[R] using lapply
Phil Spector
spector at stat.berkeley.edu
Thu Mar 10 18:51:53 CET 2011
To add to William's remarks, another advantage of the
apply family of functions is that they avoid growing an
object inside a loop, which is very inefficient in R.
In other words, without the *apply functions, users
might do something like this:
answer = NULL
for(i in 1:nrows)
answer = rbind(answer,calculateanewrow(i))
or
answer = NULL
for(i in 1:n)
answer = c(answer,newcalculation(i))
So in addition to making your program easier to understand
(which is a huge advantange in and of itself), they
also help you avoid a programming paradigm that's
very inefficient in R:
> mat = matrix(abs(rnorm(10000)),1000,10)

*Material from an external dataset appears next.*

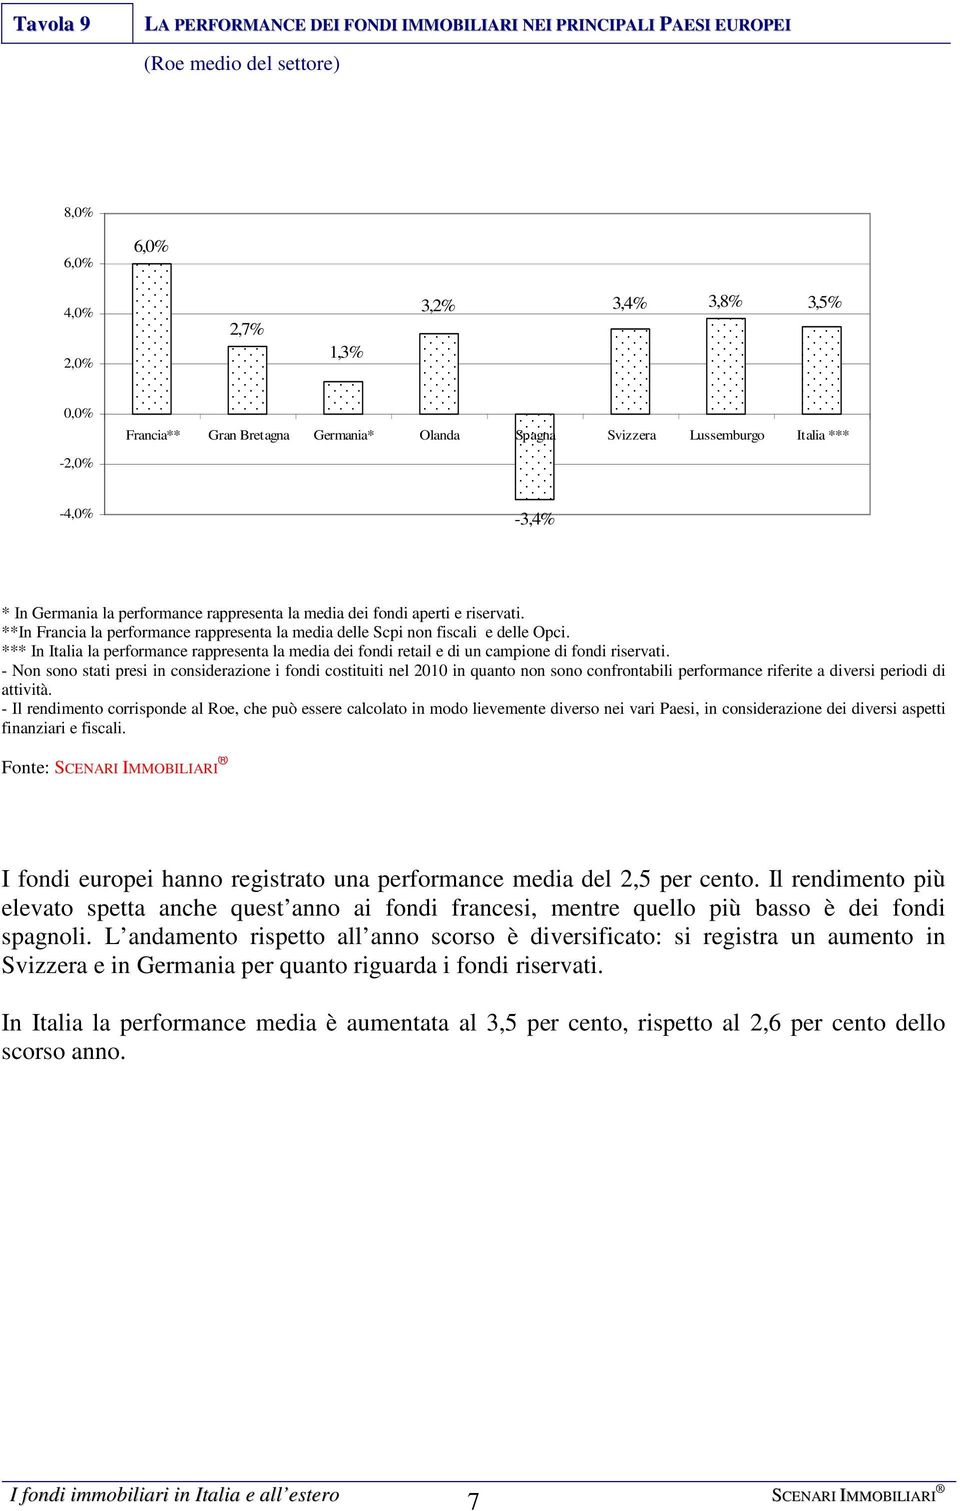 **In Francia la performance rappresenta la media delle Scpi non fiscali e delle Opci. *** In Italia la performance rappresenta la media dei fondi retail e di un campione di fondi riservati.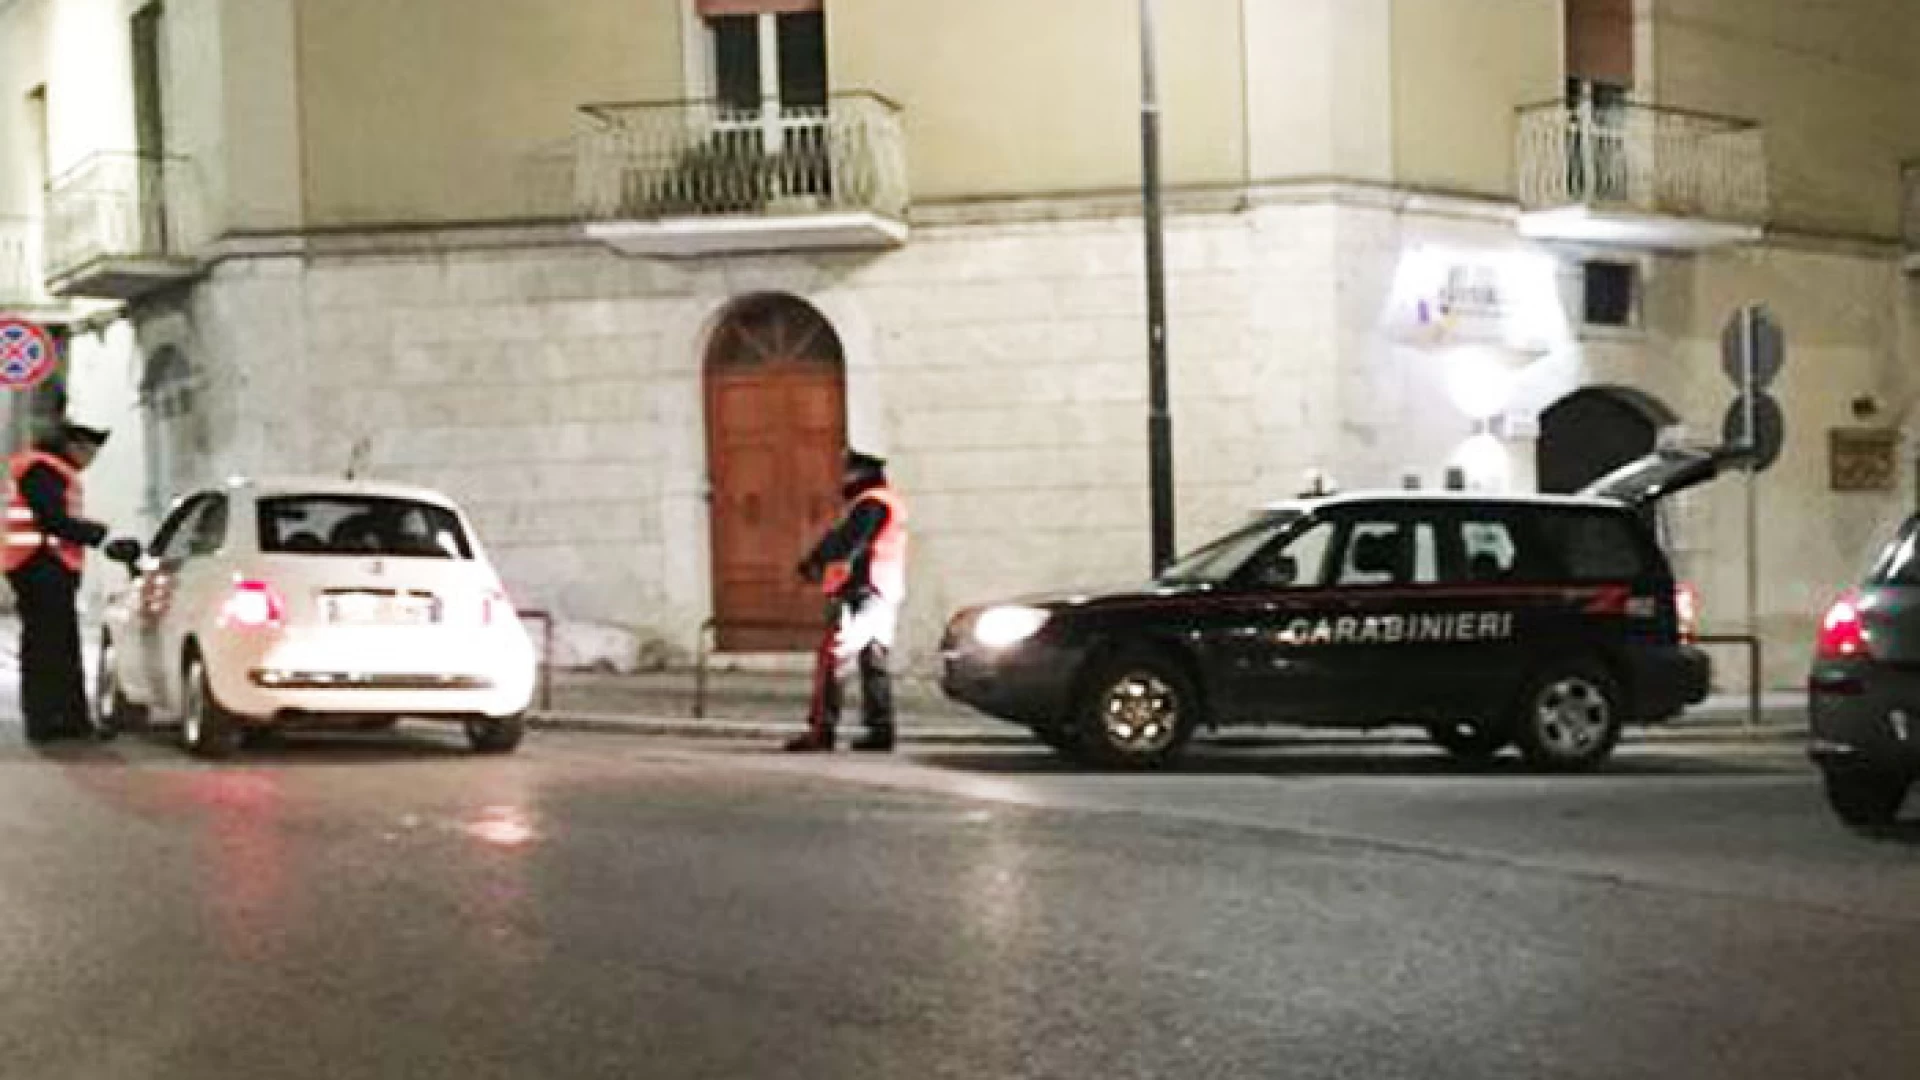 Isernia: pregiudicato campano per rapine e furti arrestato dai Carabinieri.

> system.time({answer=NULL;for(i in 1:nrow(mat))answer = rbind(answer,log(mat[i,]))})
user system elapsed
0.052 0.020 0.072
> system.time({answer1 = t(apply(mat,1,log))})
user system elapsed
0.012 0.000 0.012
> all.equal(answer,answer1)
[1] TRUE
That's a speedup of a factor of 6, which gets even bigger as the size
of the object increases:
> mat = matrix(abs(rnorm(100000)),10000,10)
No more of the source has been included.